#### [What you will do]
What follows is a listing to transcribe exactly, leaving the pictures out.

#### [Input data]
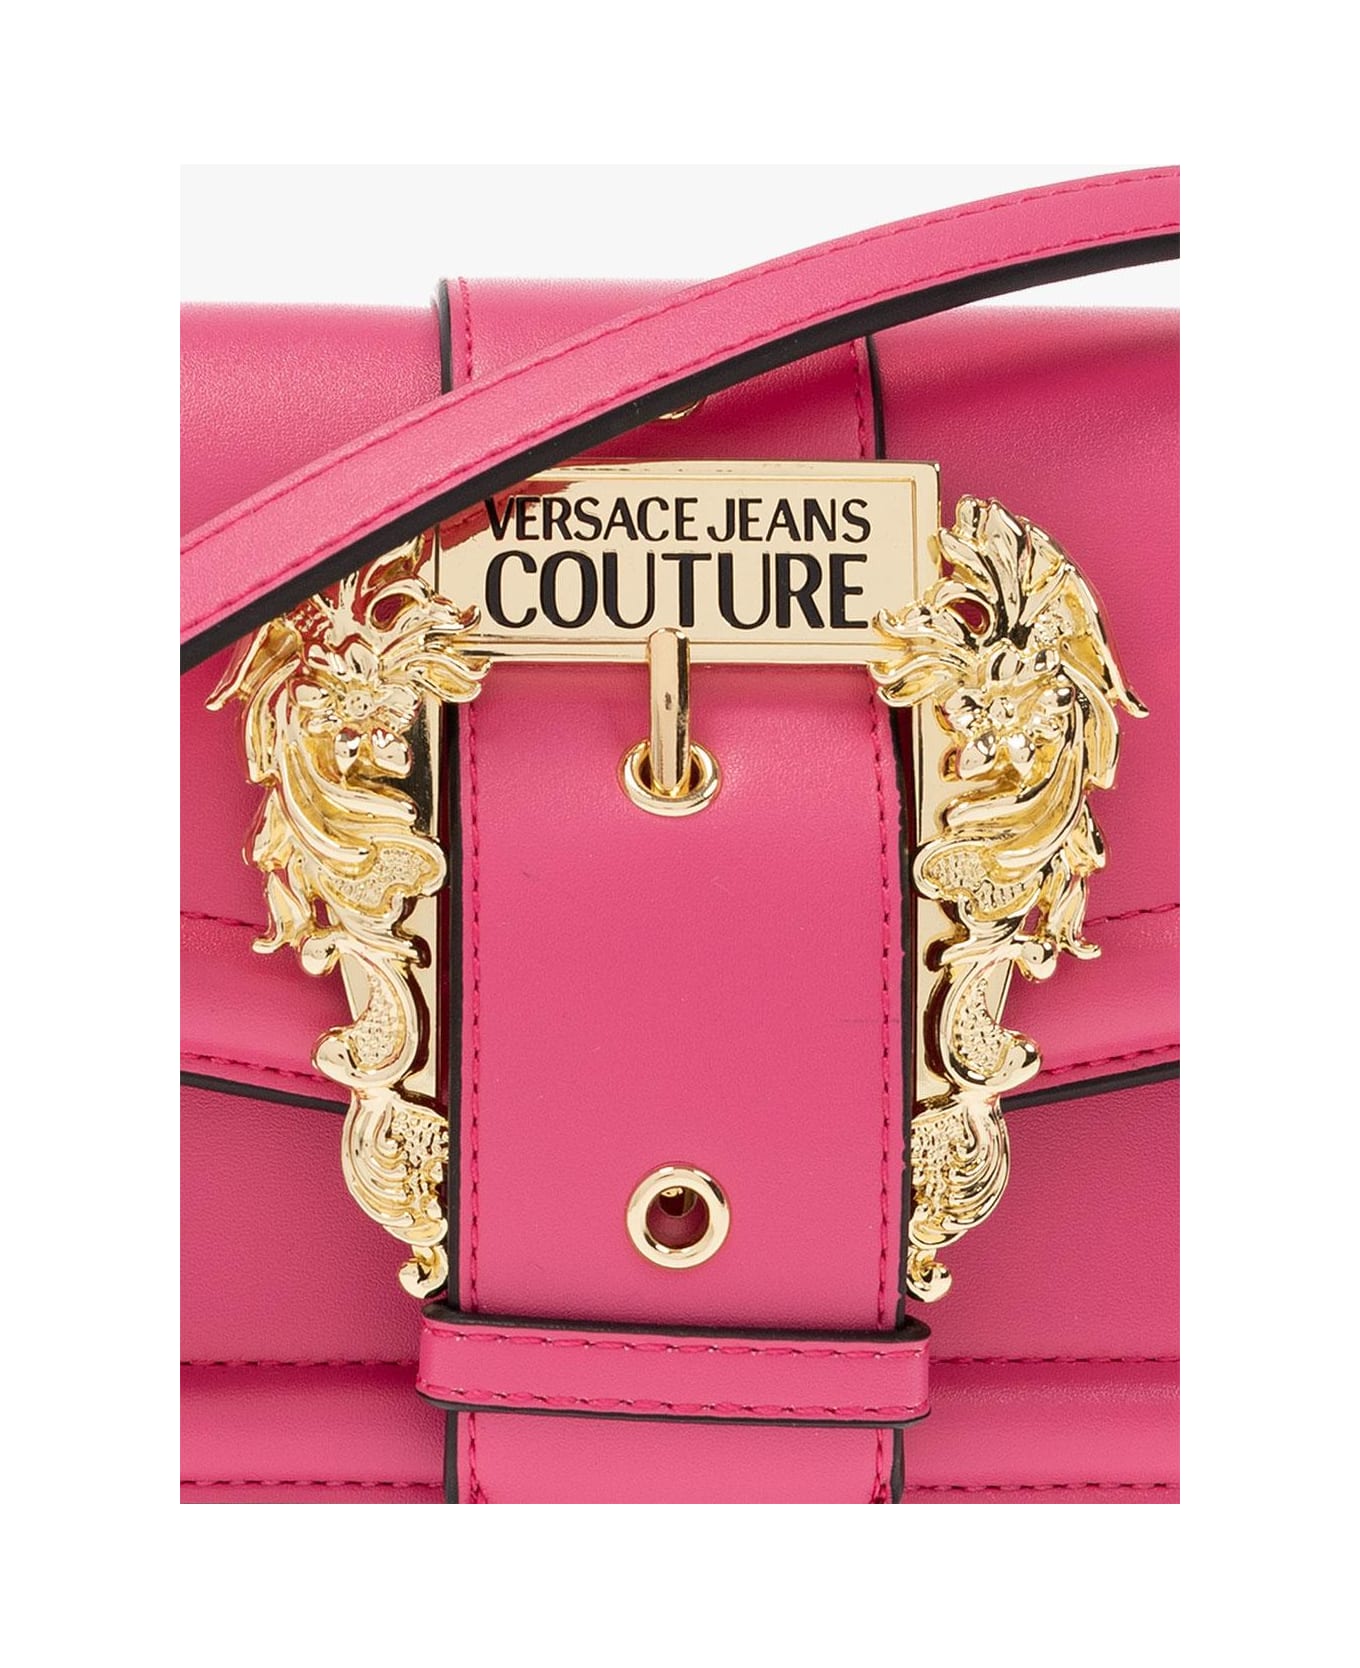 Versace Jeans Couture Shoulder Bag In Rose-pink Faux Leather - Fucsia
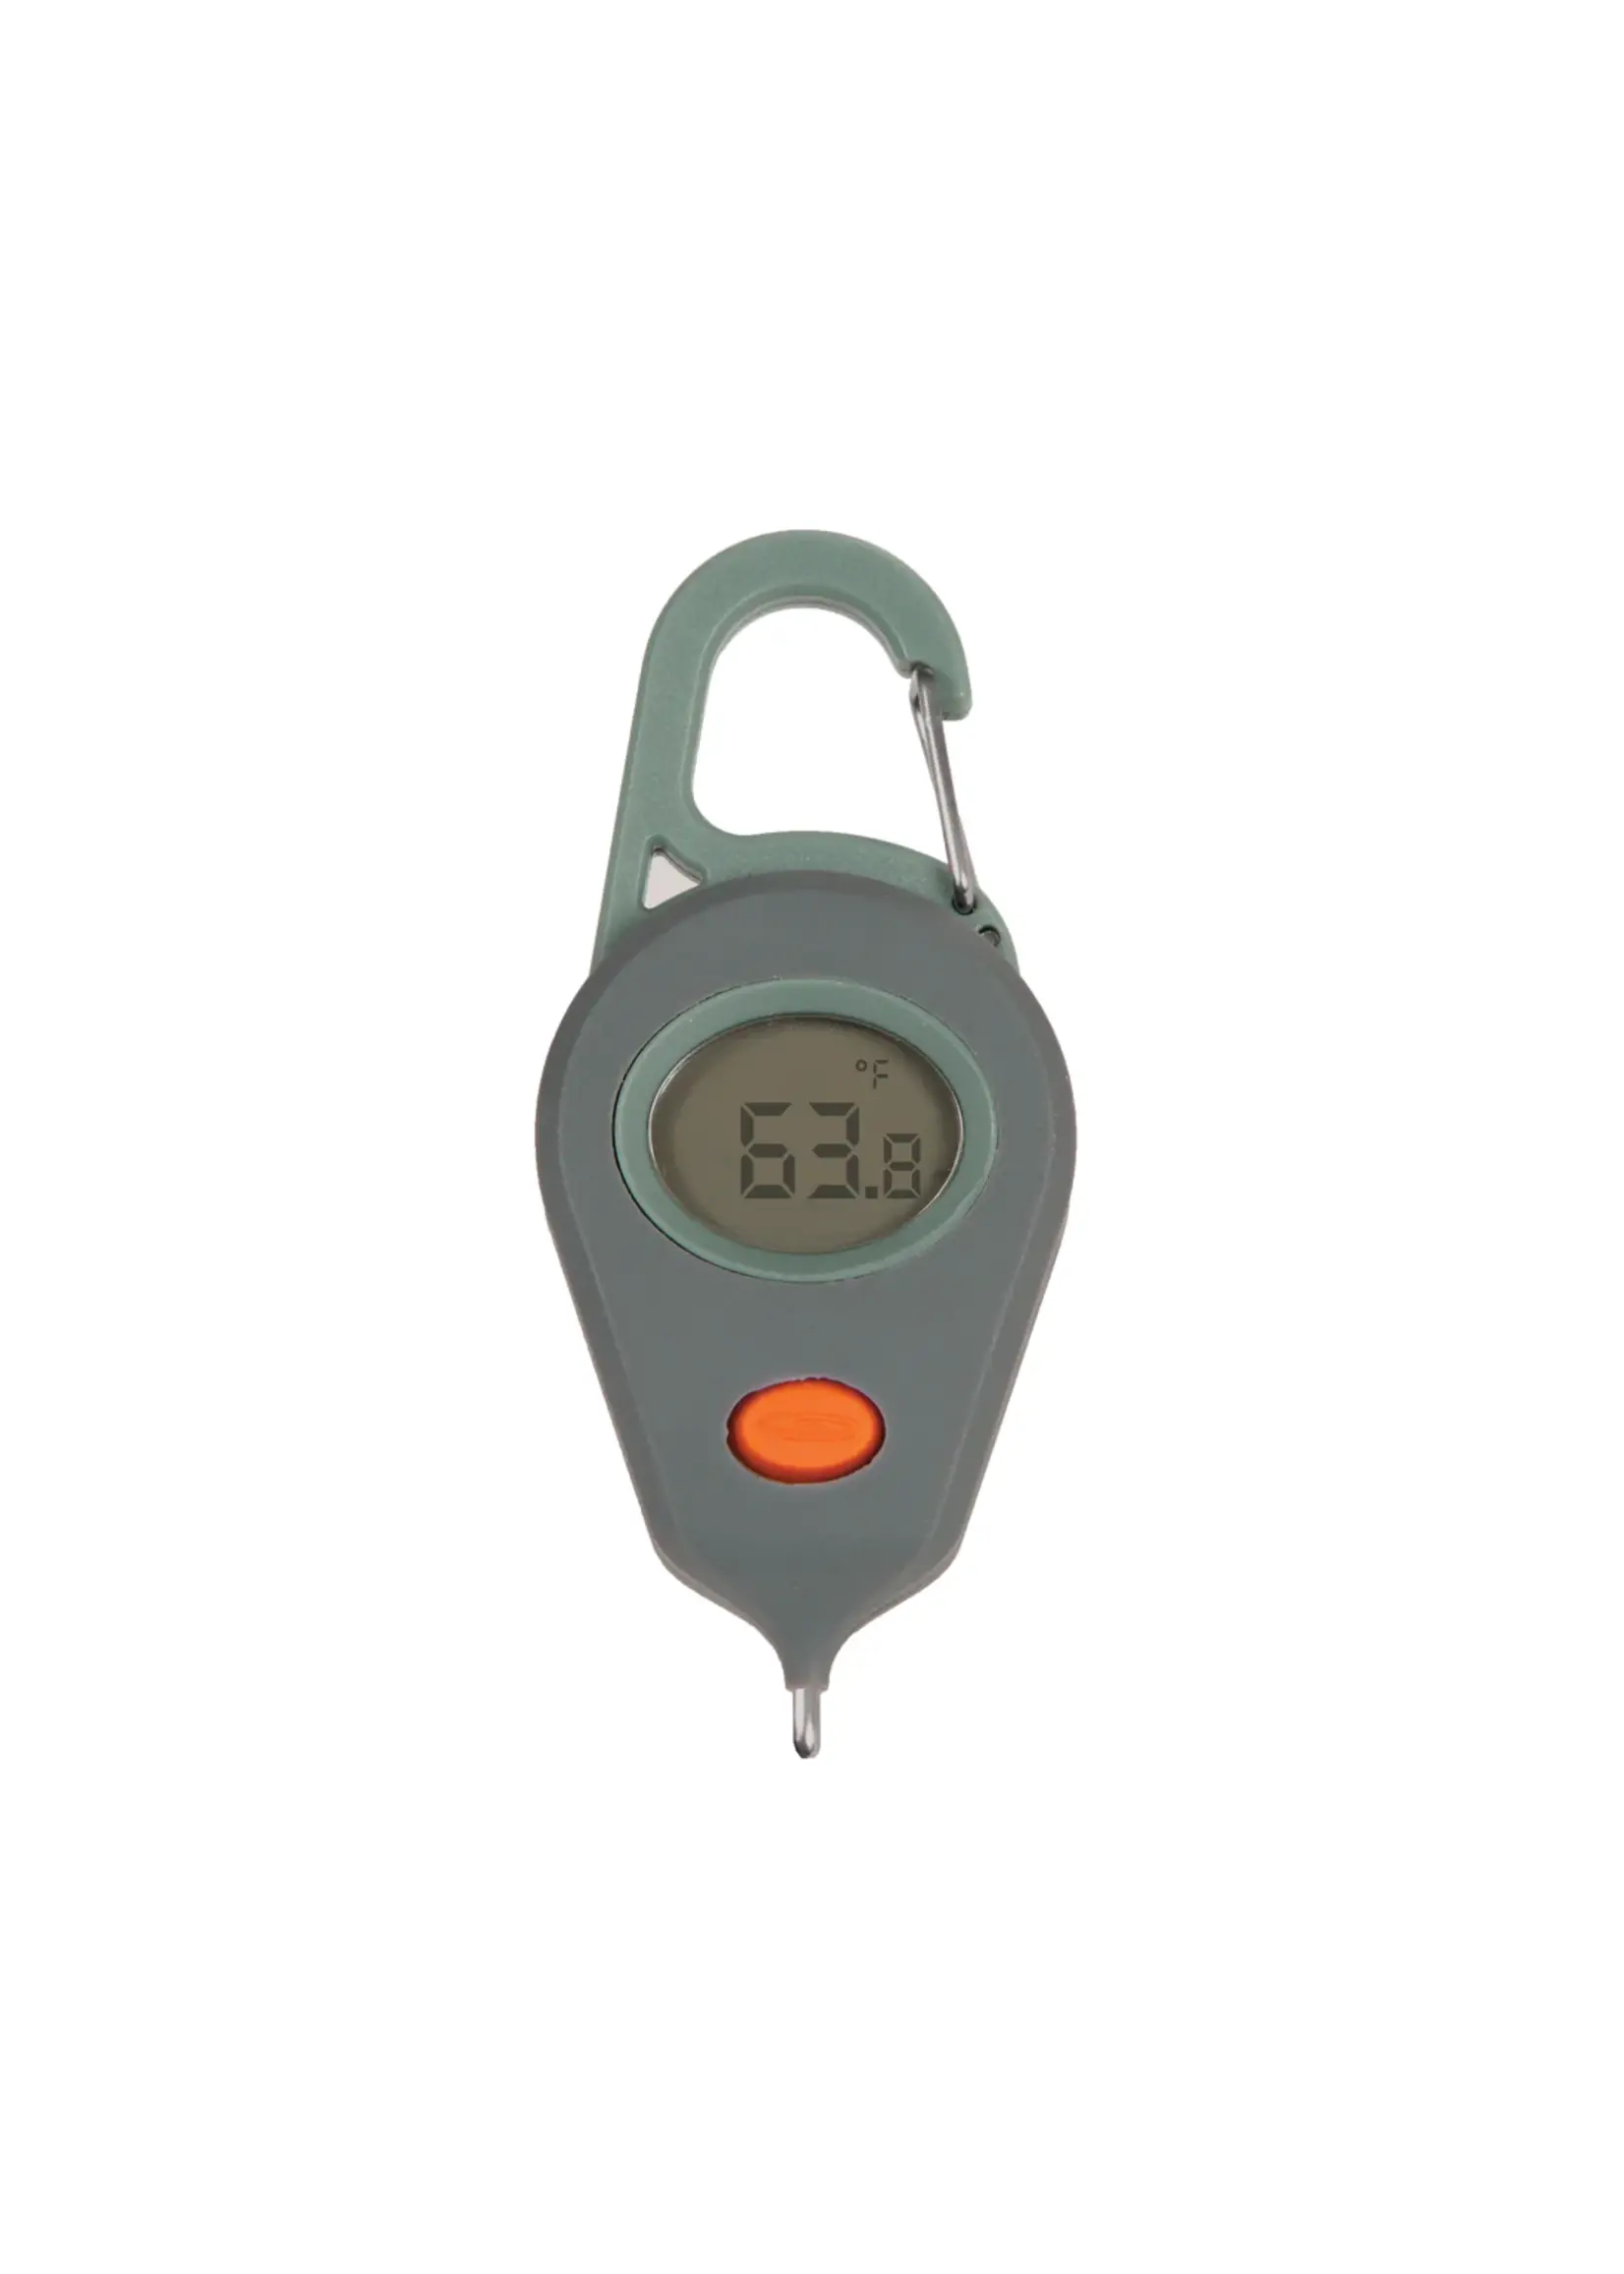 Fishpond Riverkeeper Digital Thermometer Review 
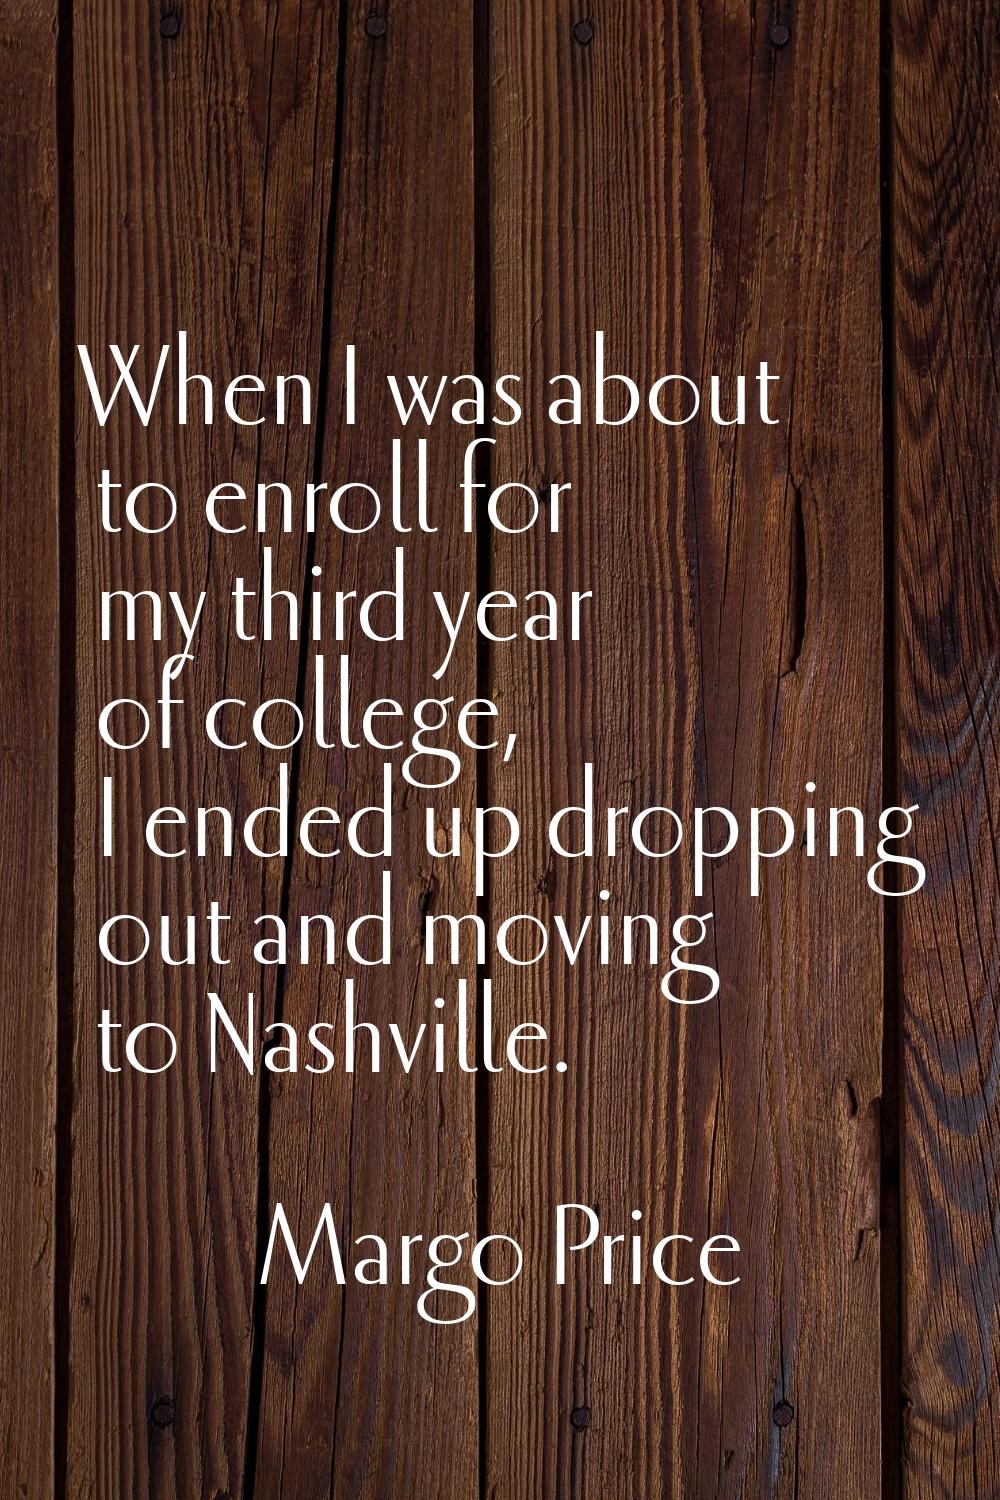 When I was about to enroll for my third year of college, I ended up dropping out and moving to Nash
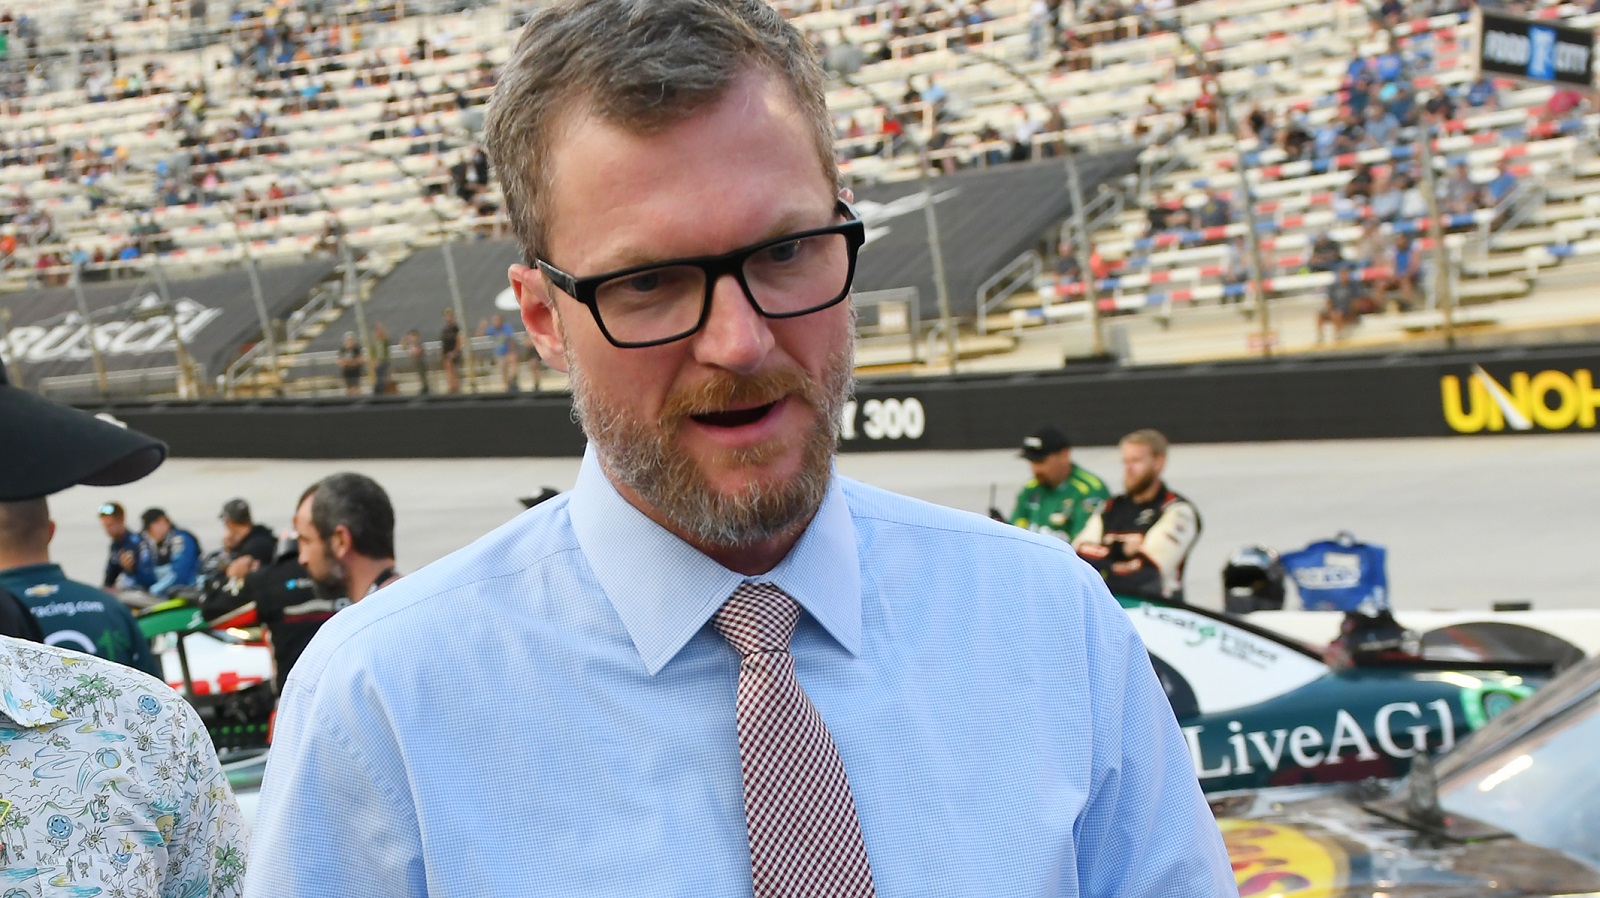 Dale Earnhardt, Jr. before the NASCAR Xfinity Series Food City 300 on Sept. 16, 2022 at Bristol Motor Speedway.

#### [Exercise output]
 Versace Jeans Couture Shoulder Bag In Rose-pink Faux Leather - Fucsia
 Fishpond Riverkeeper Digital Thermometer Review 
 When I was about to enroll for my third year of college, I ended up dropping out and moving to Nash
 Dale Earnhardt, Jr. before the NASCAR Xfinity Series Food City 300 on Sept. 16, 2022 at Bristol Motor Speedway.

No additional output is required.